Can we fine-tuning the Text-to-Code Retrieval task?

salesforce / CodeT5

Home of CodeT5: Open Code LLMs for Code Understanding and Generation

https://arxiv.org/abs/2305.07922

BSD 3-Clause "New" or "Revised" License

2.65k stars 391 forks source link

Can we fine-tuning the Text-to-Code Retrieval task? #146

Open pdhung3012 opened 10 months ago

pdhung3012 commented 10 months ago

Hello I wonder if we can finetune the text-to-code retrieval task for Text-to-Code Retrieval like UniXcoder at here. I have run the zero-shot code retrieval for Javascript. It shows that the best accuracy I can get for code retrieval is 70.2%, which is lower than the fine-tuned CodeT5+ at 71.3\% (reported in CodeT5+ paper at here. So I want to check if I can increase the zero-shot result by fine-tuning.

Thank you

yuewang-cuhk commented 10 months ago

Yes, you can definitely finetune on labeled datasets using contrastive loss (or combined with the matching loss) to further boost the retrieval performance. We plan to release the finetuning scripts in the future if there are many asks for this.
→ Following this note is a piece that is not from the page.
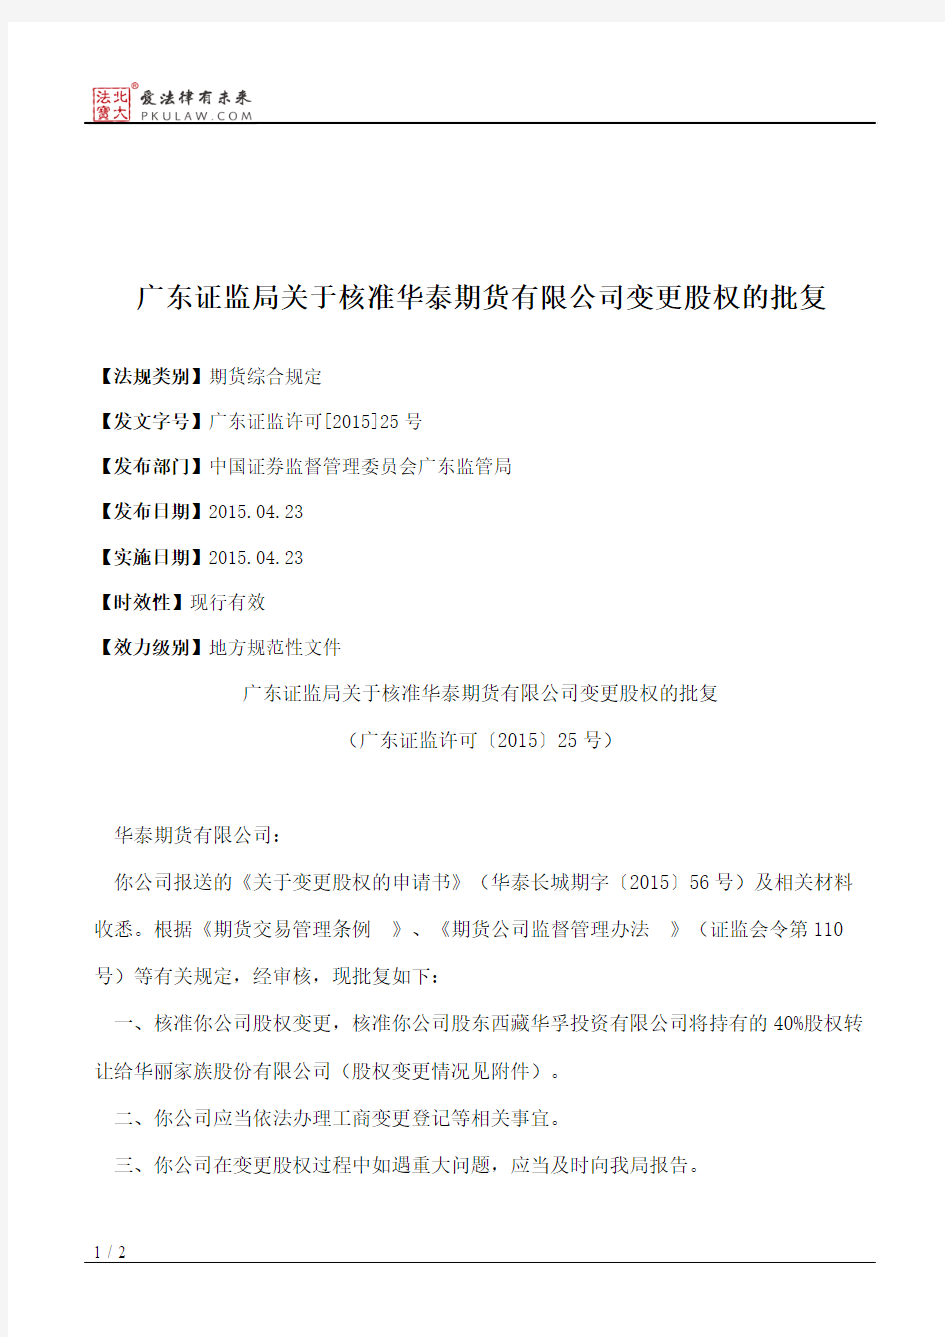 广东证监局关于核准华泰期货有限公司变更股权的批复

gzt4se commented 6 months ago

Yes, you can definitely finetune on labeled datasets using contrastive loss (or combined with the matching loss) to further boost the retrieval performance. We plan to release the finetuning scripts in the future if there are many asks for this.

I would like to ask if there are now open-source finetune scripts to share for Text-to-Code Retrieval using codet5+, thanks a lot!